What the exercise asks
In the records below, find the line containing "Vintage dining table" and return it together with every later line, exactly as written; pictures are to be omitted.

Information supplied
+ + +
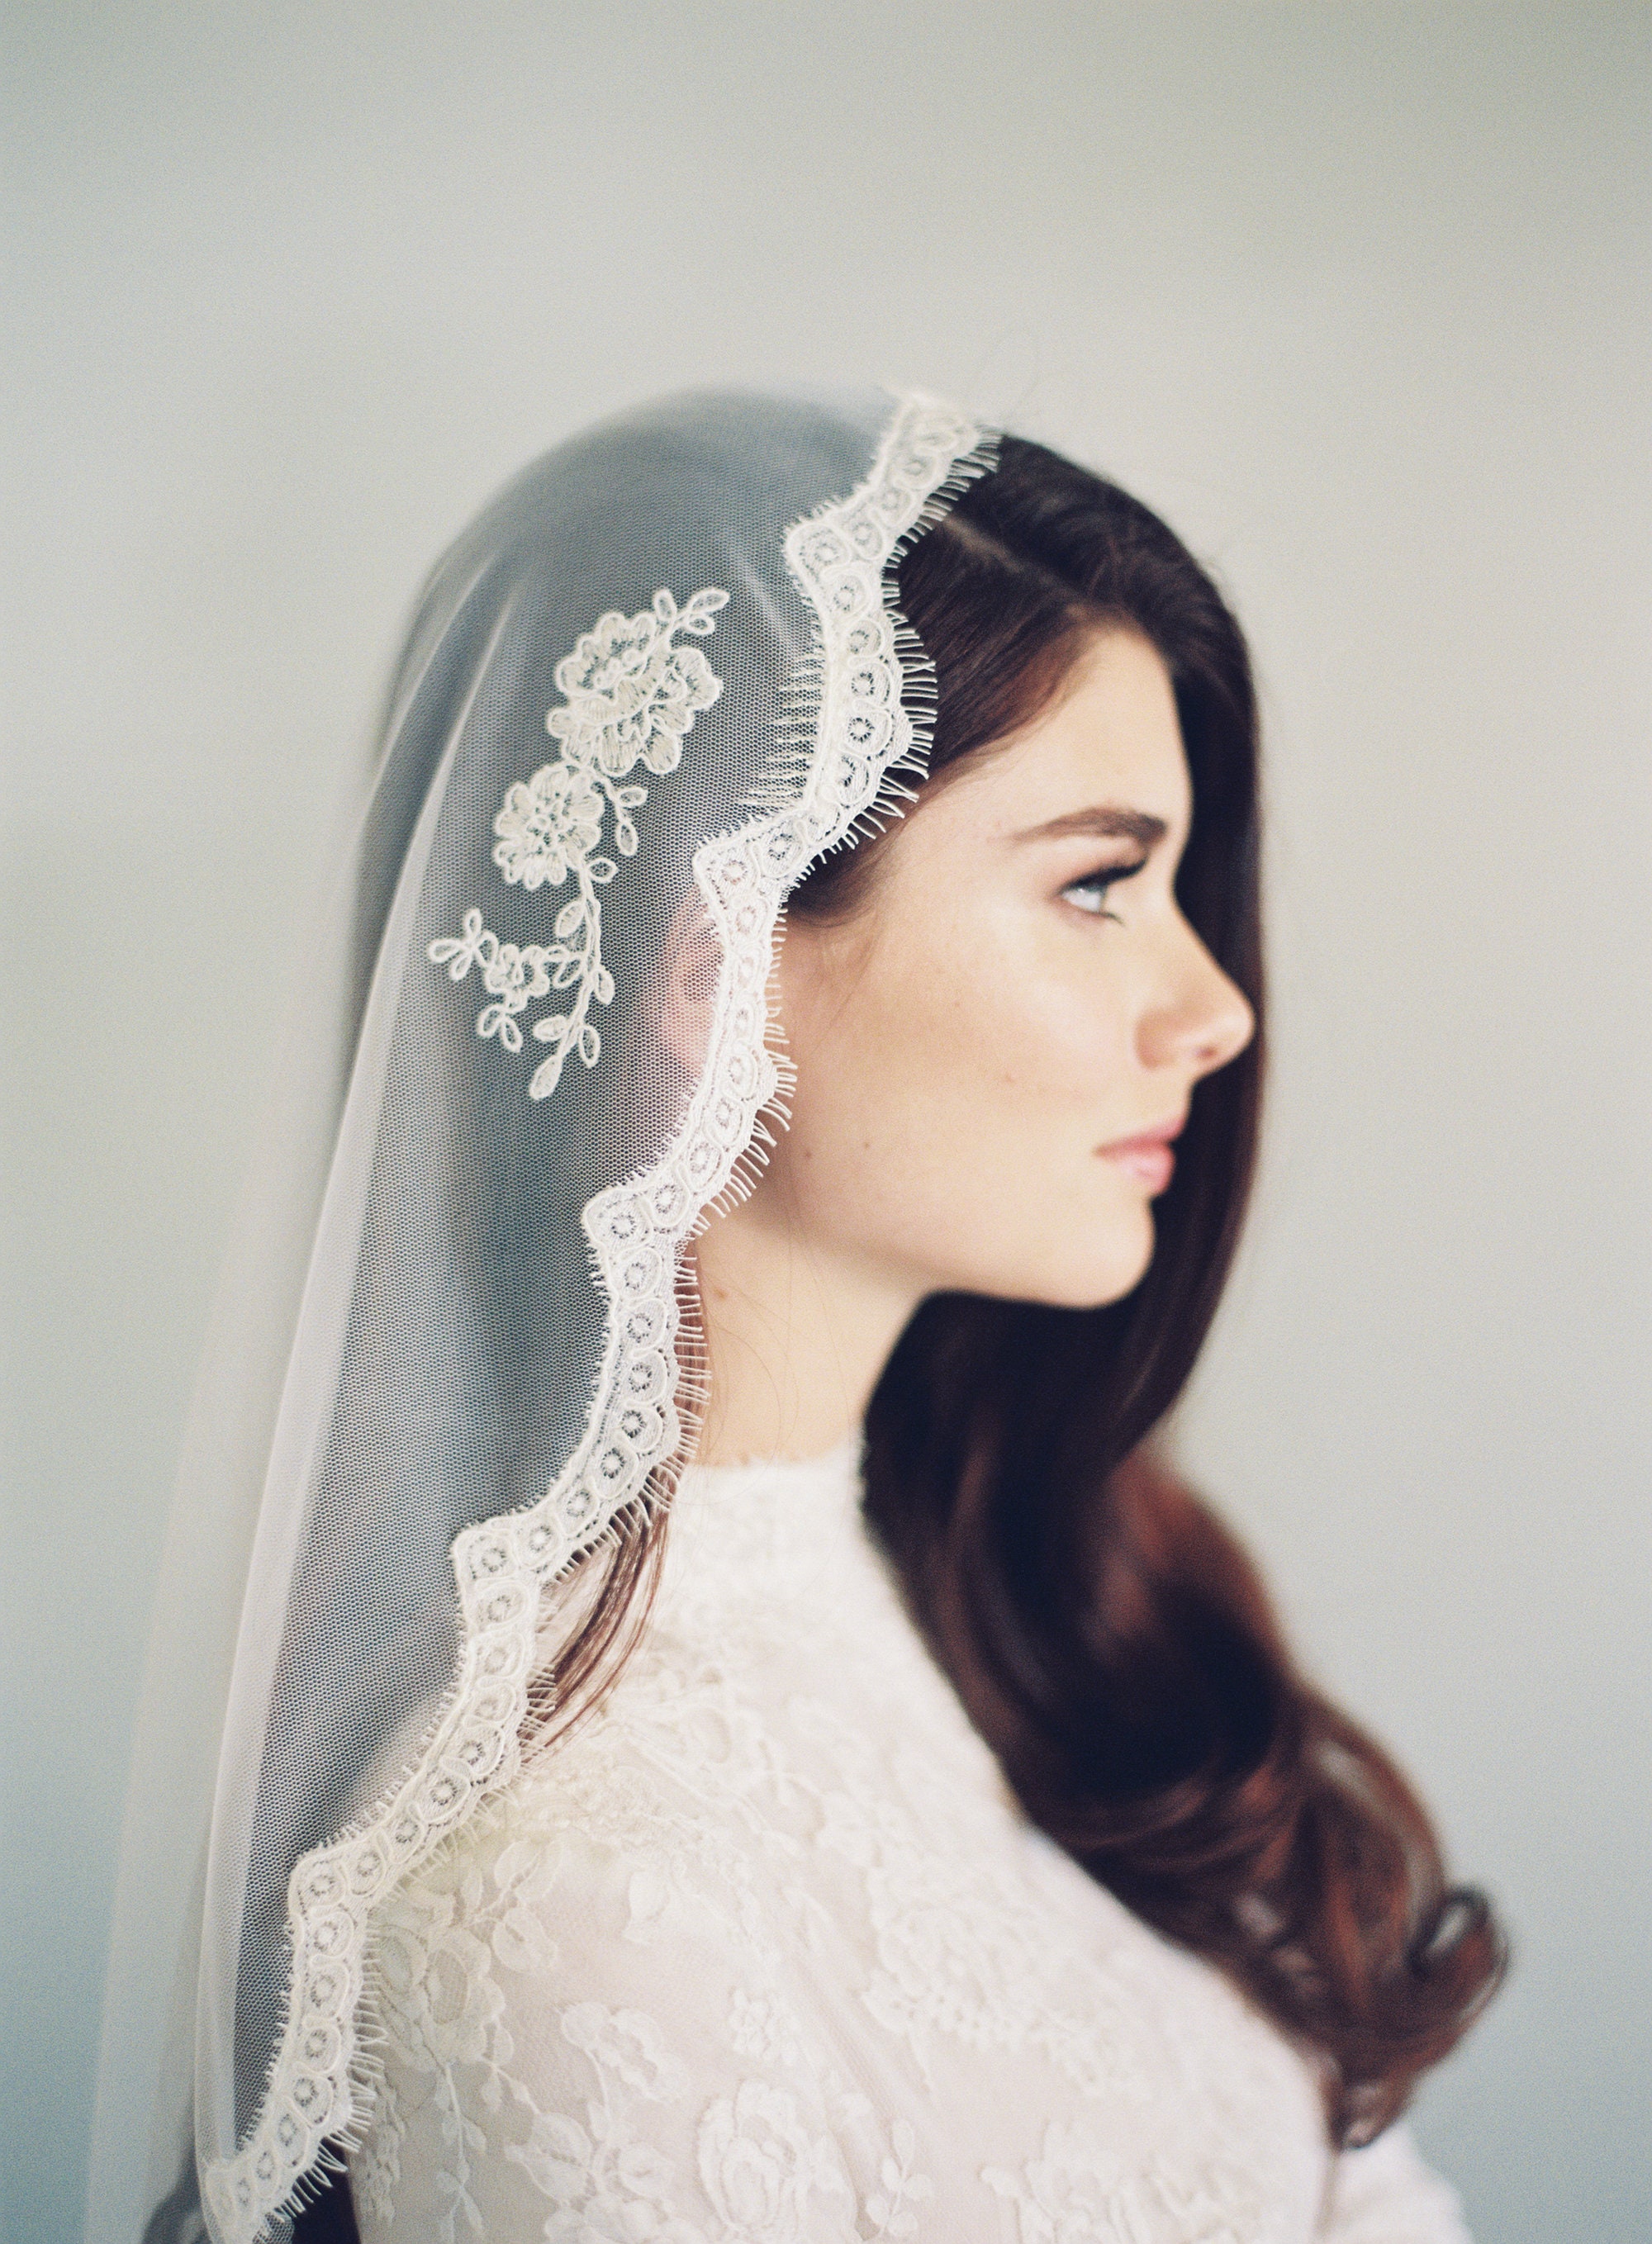 Women Pure white Bride Wedding Wedding Frilly lace Hair head Veil WITH COMB 
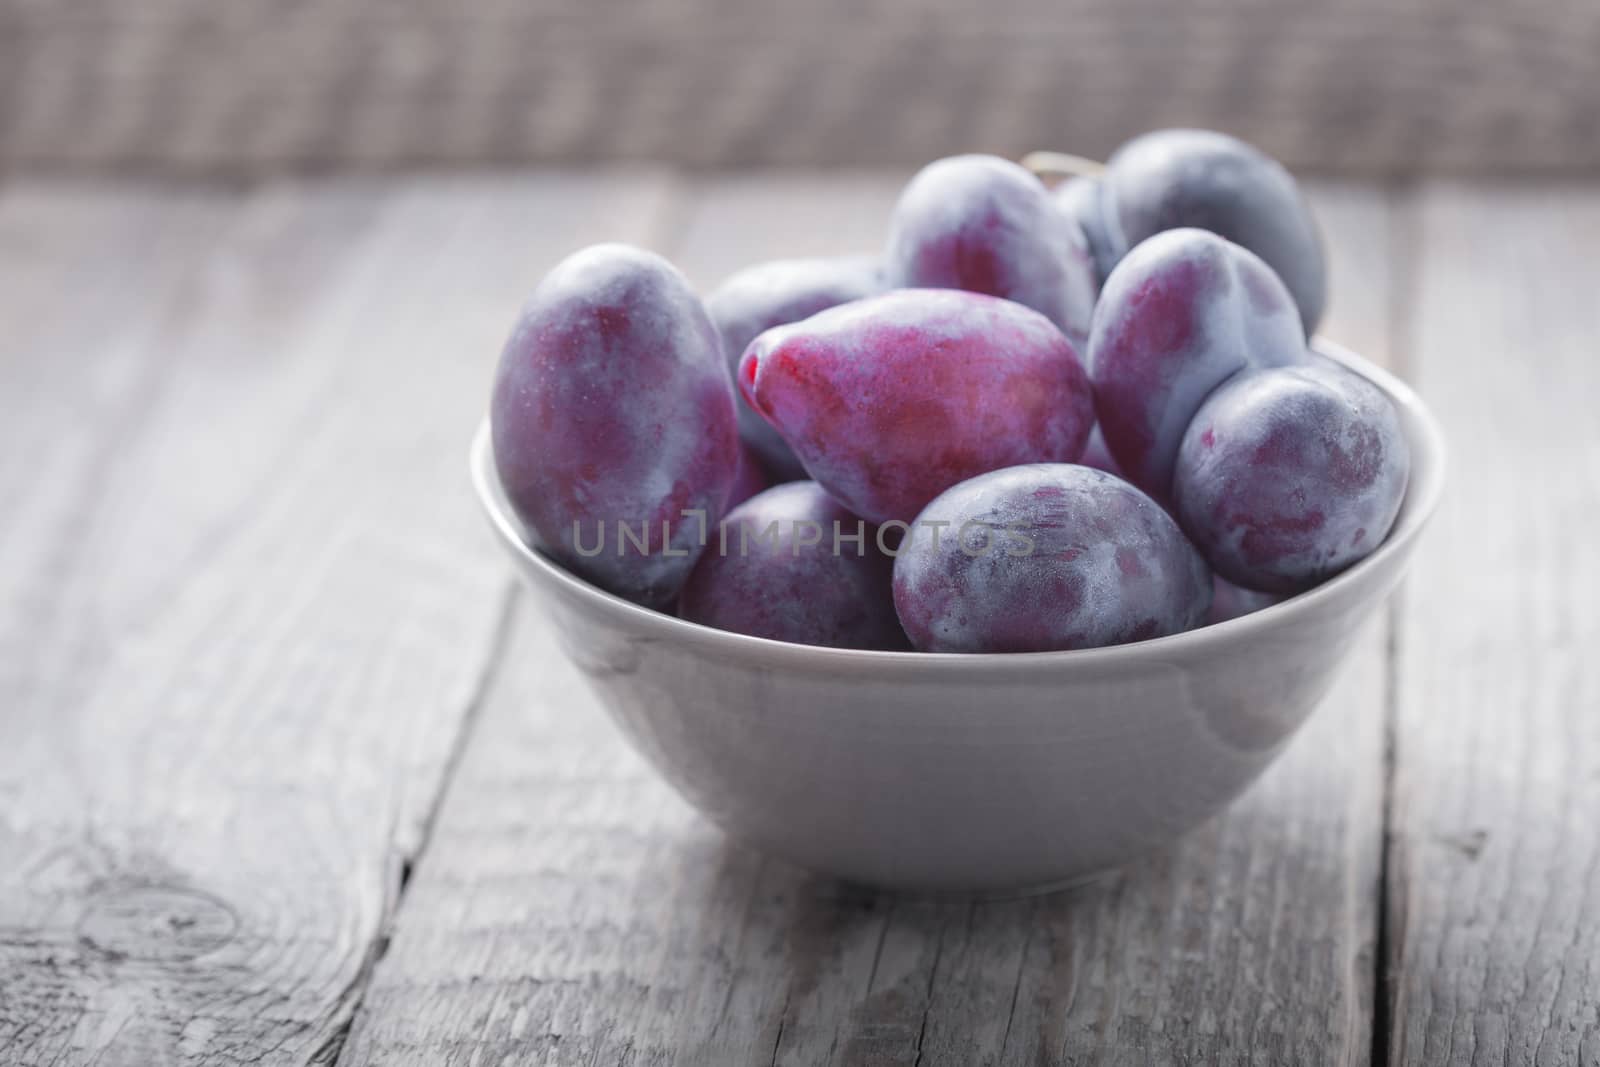 Bunch of Plums on a wooden table by supercat67
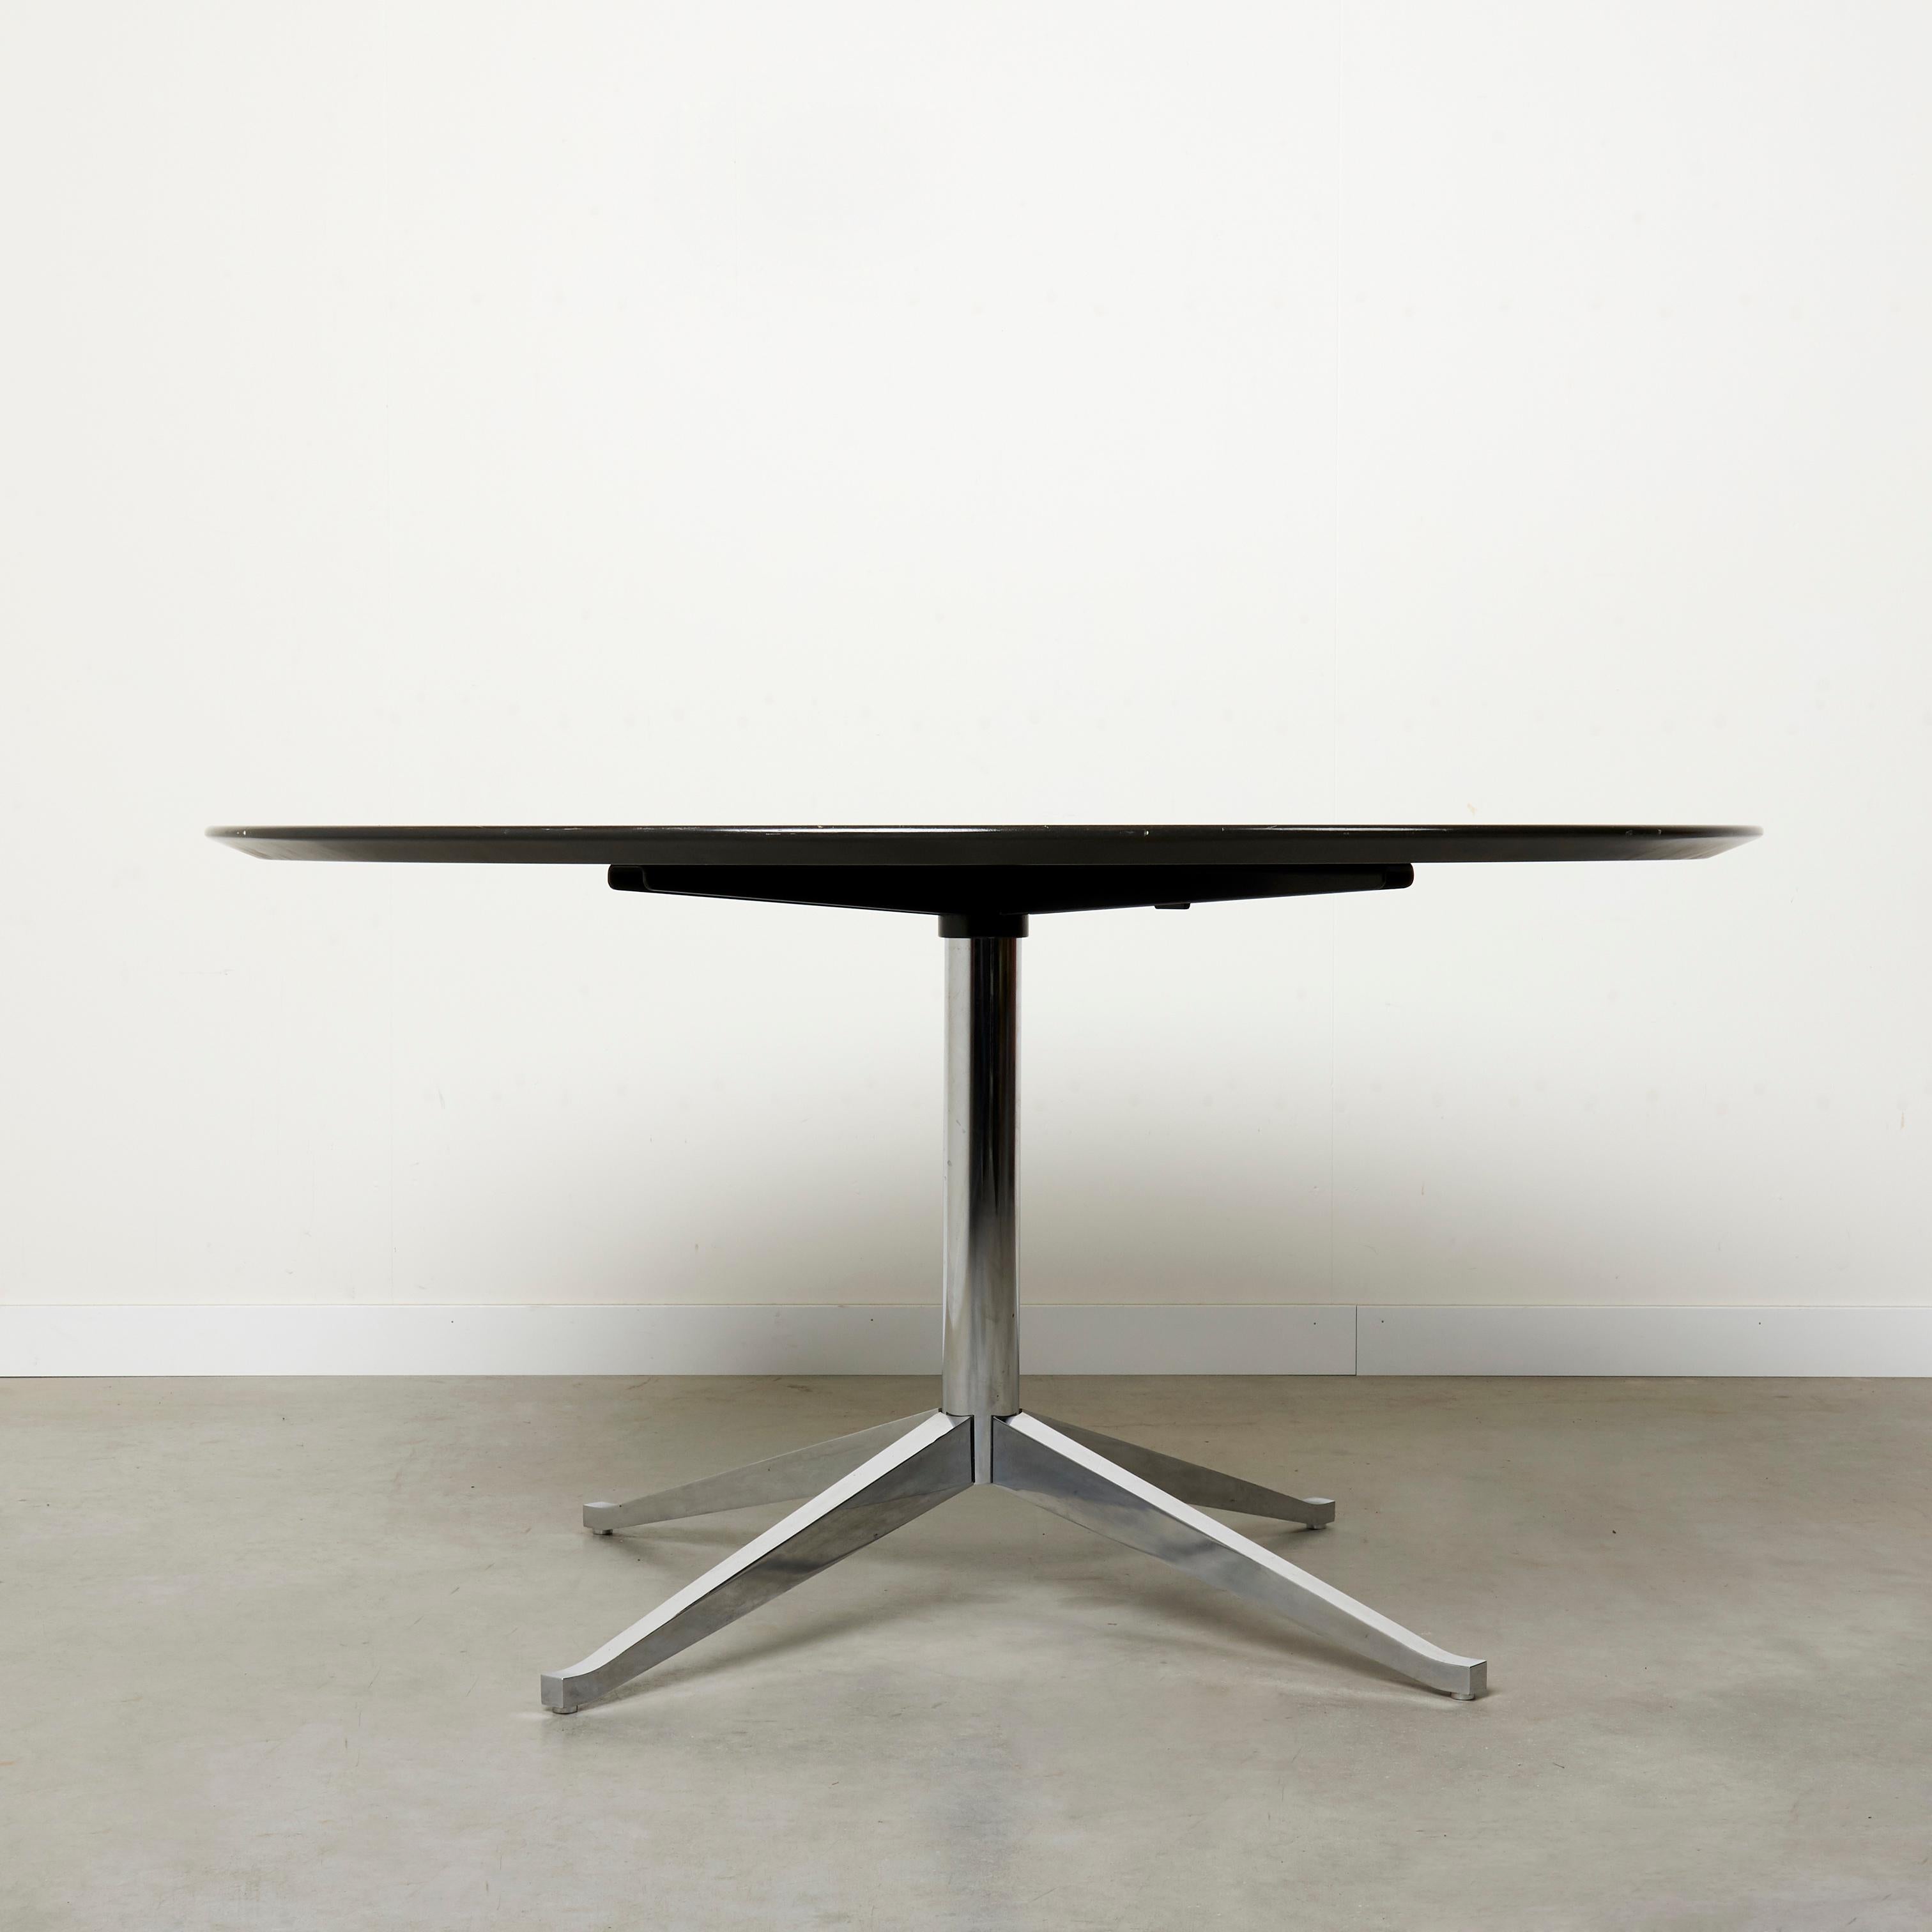 Vintage dining table by Florence Knoll for Knoll International / Studio, 1960s design.
Round dark oak table top with steel base.
Table is in a good vintage conditions with signs of use revealing its age (see pictures).
+ + +
Solved exercise
 Vintage dining table by Florence Knoll for Knoll International / Studio, 1960s design.
Round dark oak table top with steel base.
Table is in a good vintage conditions with signs of use revealing its age (see pictures).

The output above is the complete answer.